__Data segment__.
━━━━━━━━━━━━━━━━━━━━
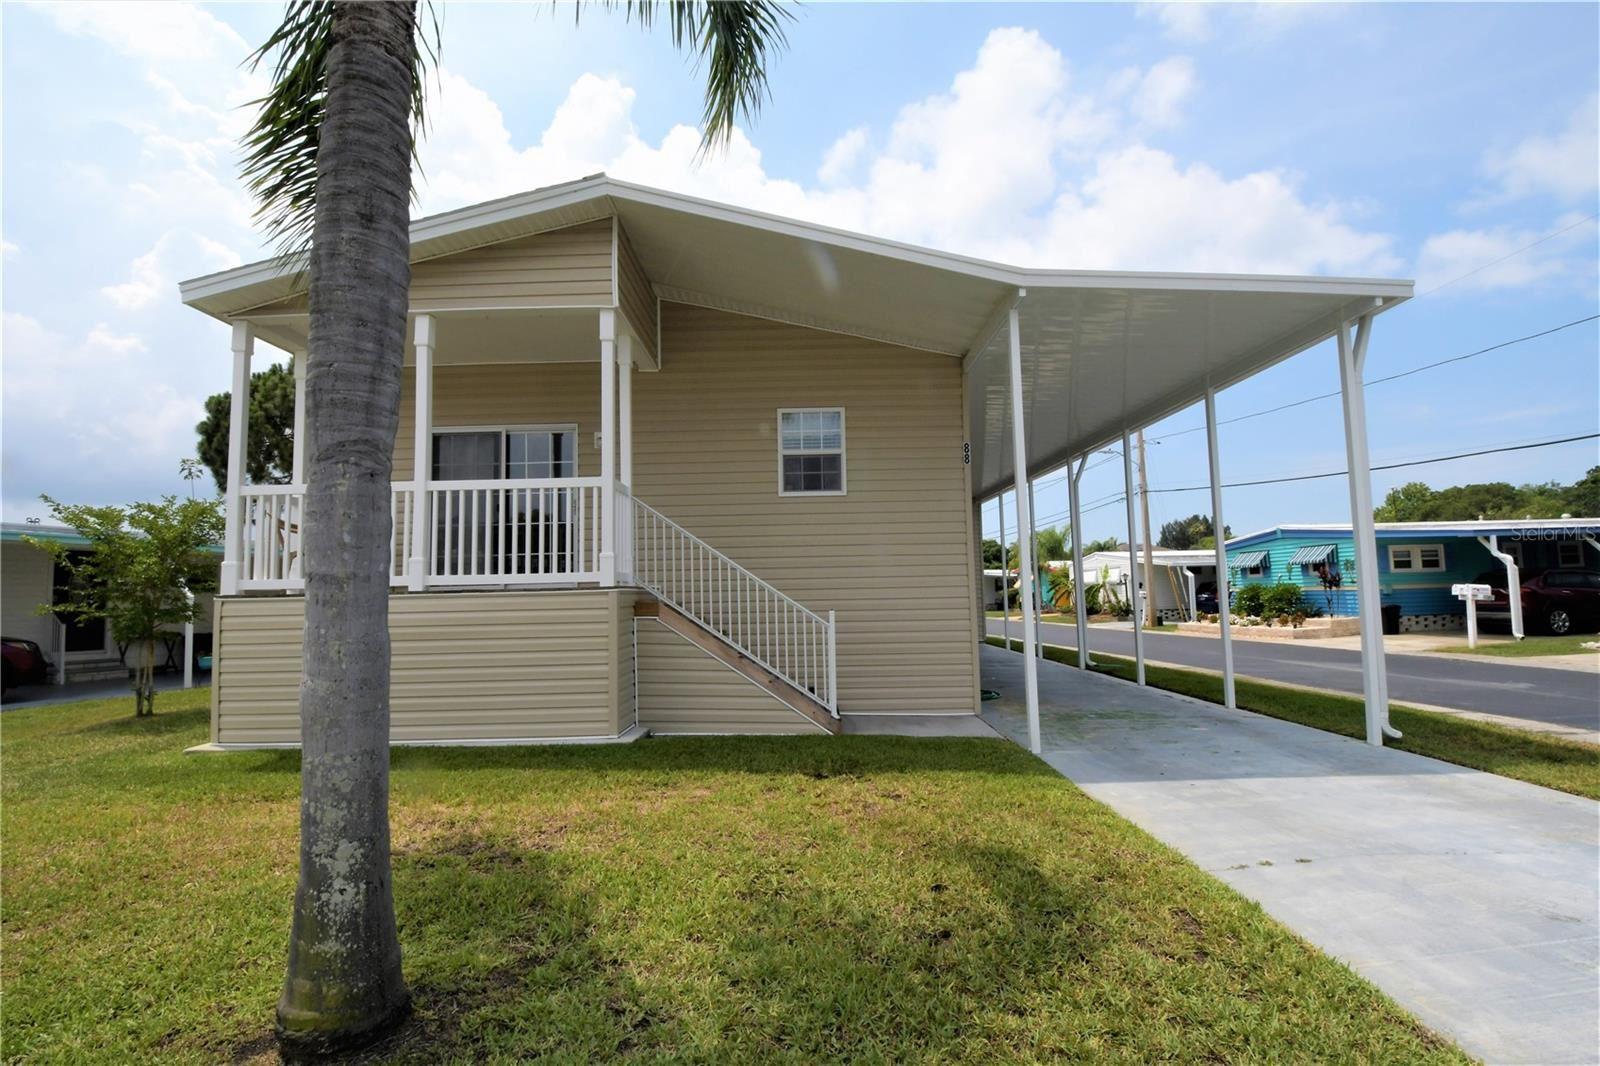 88 YAWL LANE #88, Palm Harbor, FL 34683 - #: U8122952
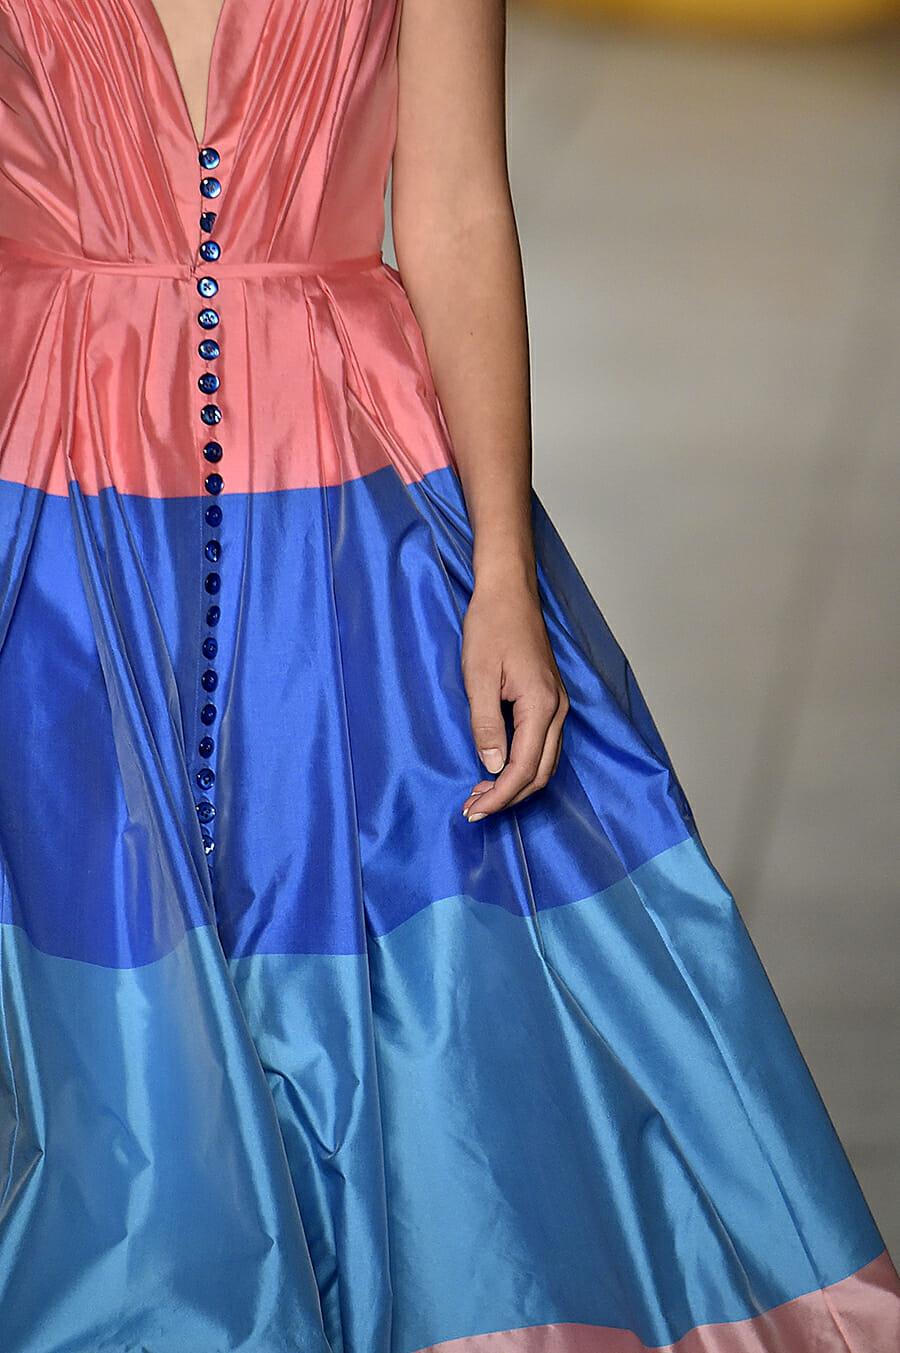 Carolina-Herrera-New-York-Fashion-Week-Spring-Summer-2018-NY-September-2017-look43-detail3
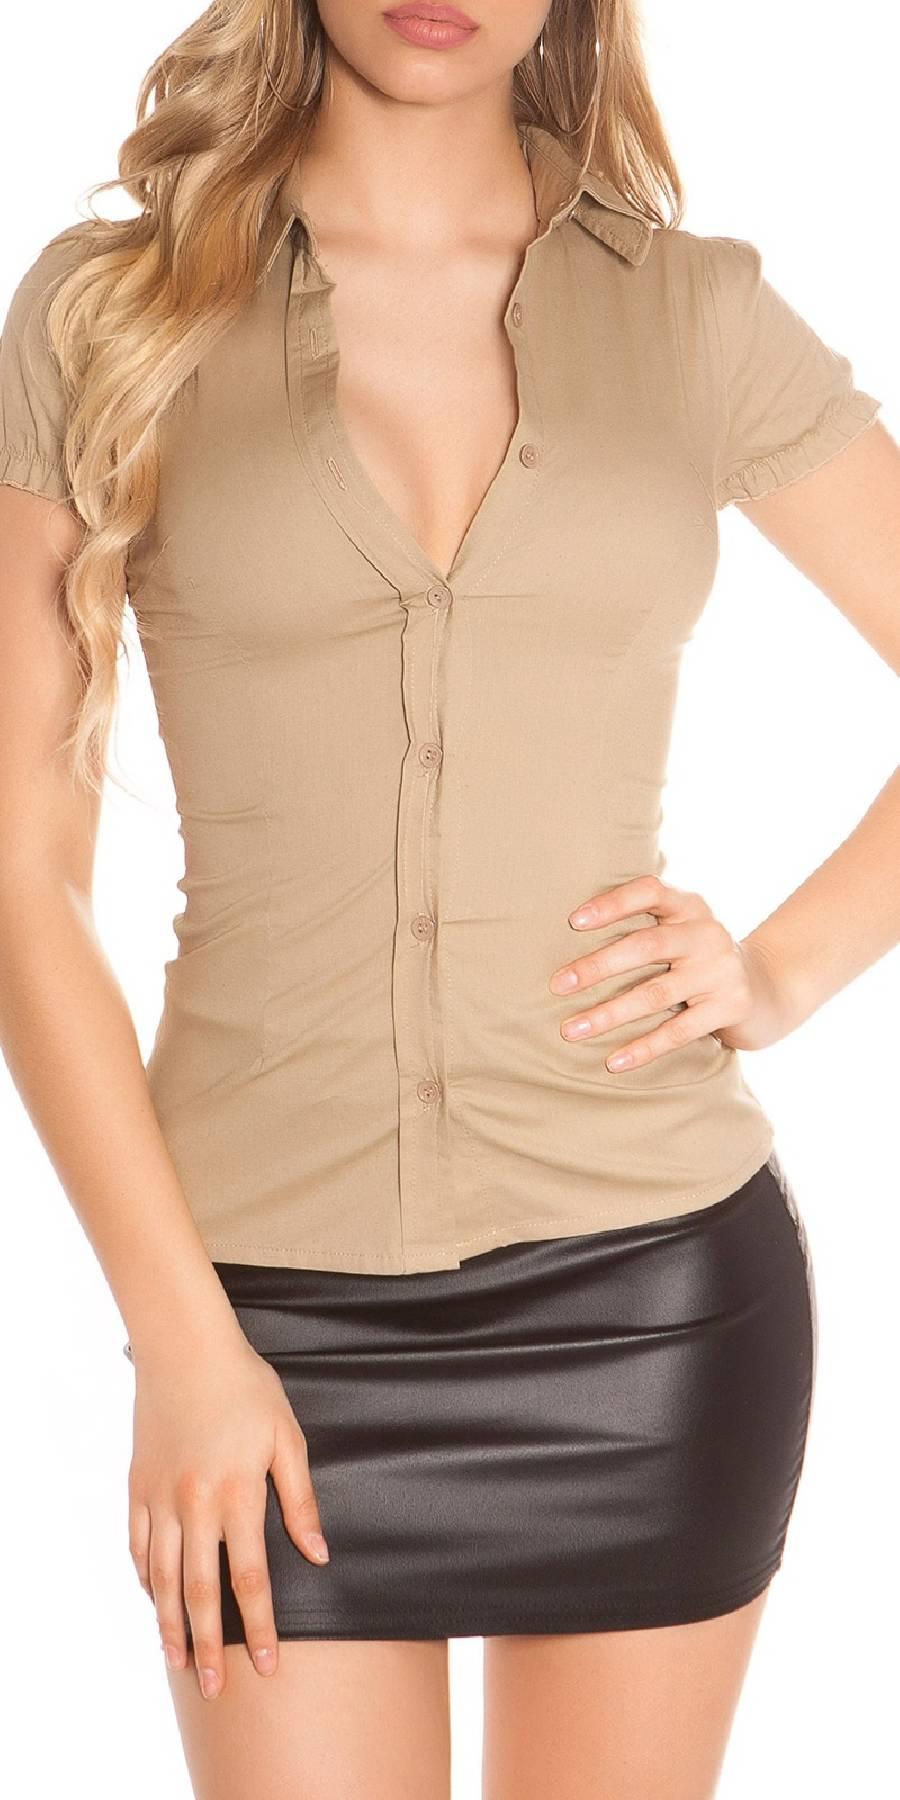 blazer veste nouvelle collection tendance fashion. Black Bedroom Furniture Sets. Home Design Ideas
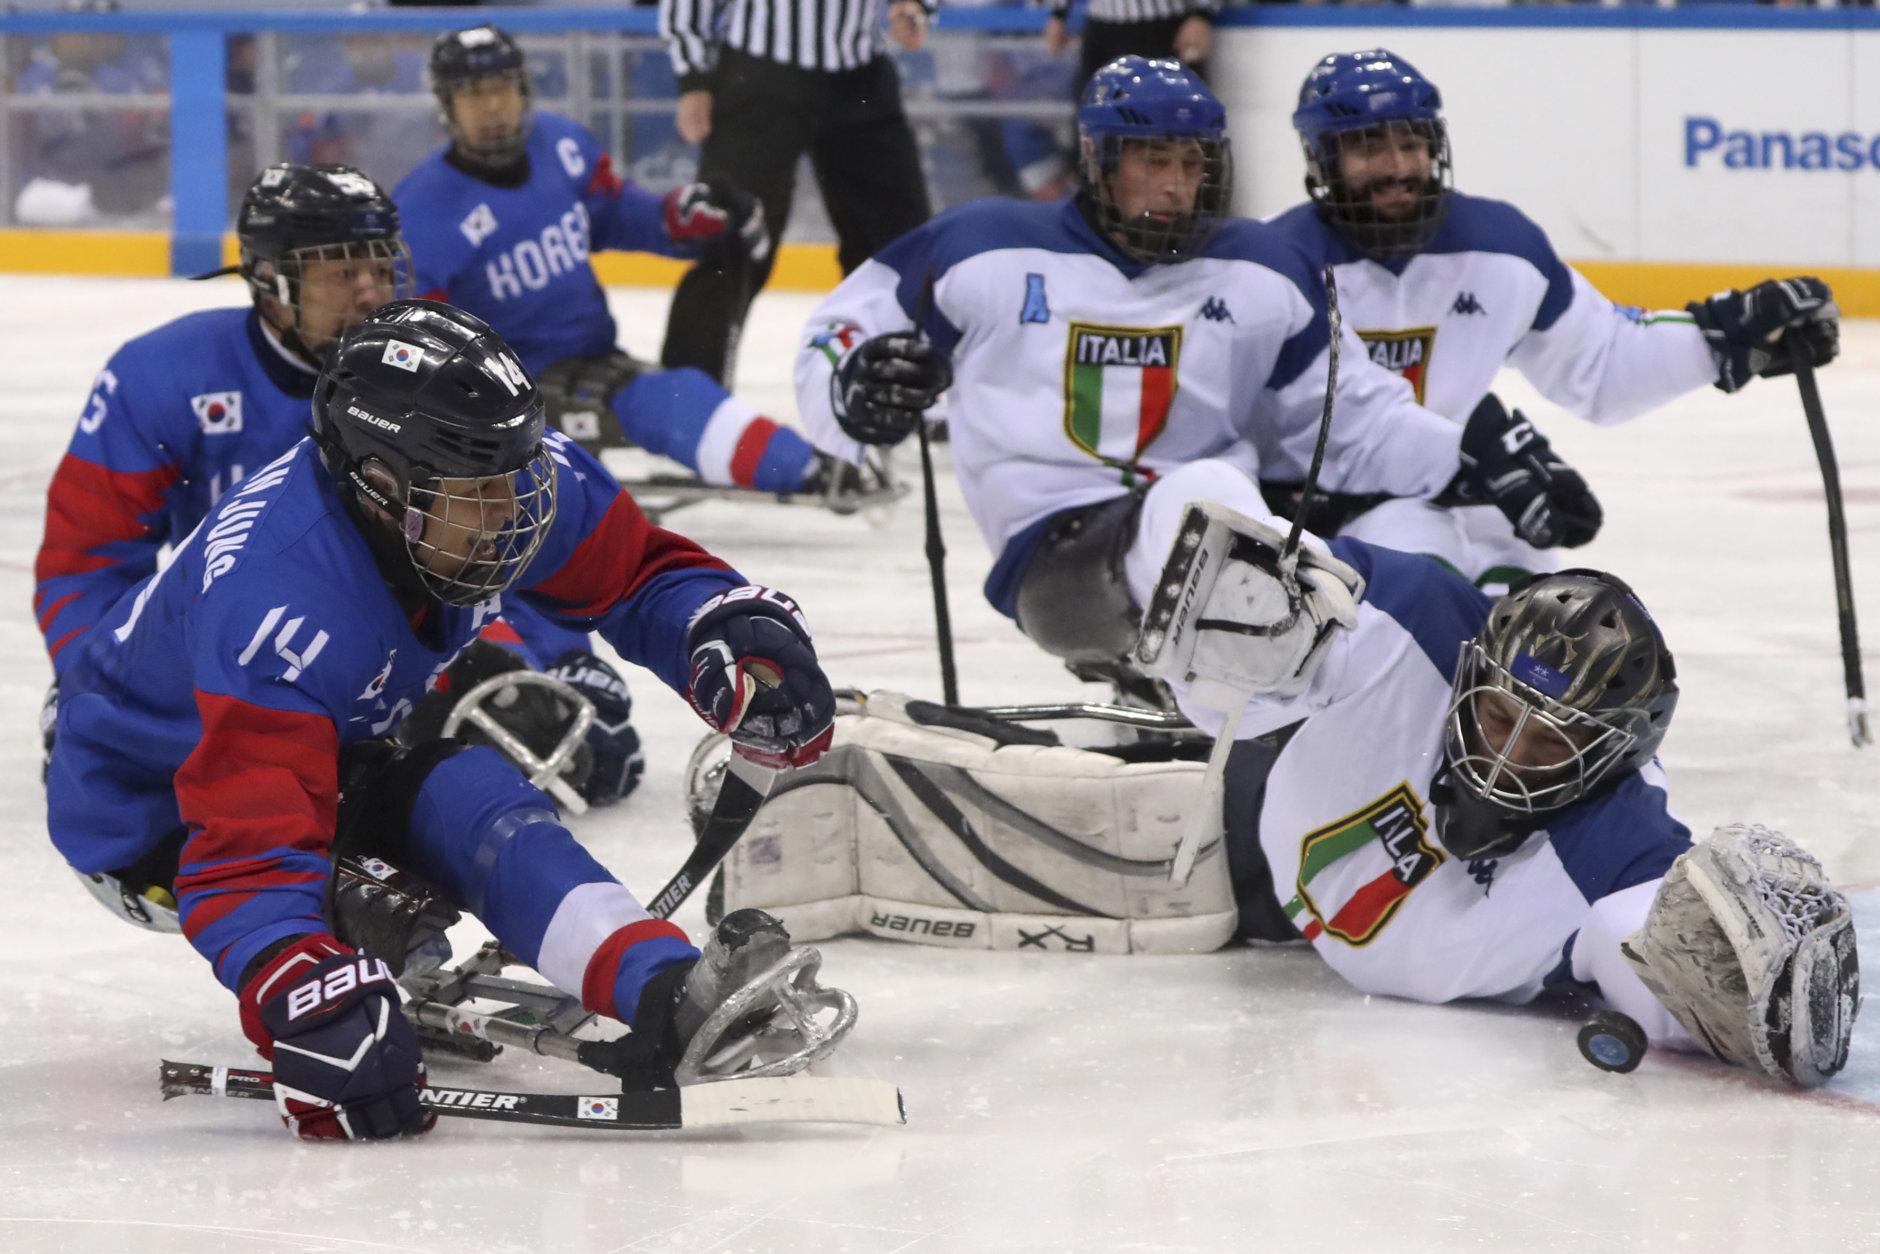 Italy's goalkeeper Gabriele Araudo blocks a shot from South Korea's Jung Seung-hwan during the bronze medal match of the 2018 Winter Paralympics at the Gangneung Hockey Center in Gangneung, South Korea, Saturday, March 17, 2018. (AP Photo/Ng Han Guan)
━━━━━━━━━━━━━━━━━━━━
__Work order__.
Beginning with the line that contains "blazer veste nouvelle" and ending with the final line of the listing, return each line exactly. Omit all pictures.

__Output__.
 blazer veste nouvelle collection tendance fashion. Black Bedroom Furniture Sets. Home Design Ideas
 Italy's goalkeeper Gabriele Araudo blocks a shot from South Korea's Jung Seung-hwan during the bronze medal match of the 2018 Winter Paralympics at the Gangneung Hockey Center in Gangneung, South Korea, Saturday, March 17, 2018. (AP Photo/Ng Han Guan)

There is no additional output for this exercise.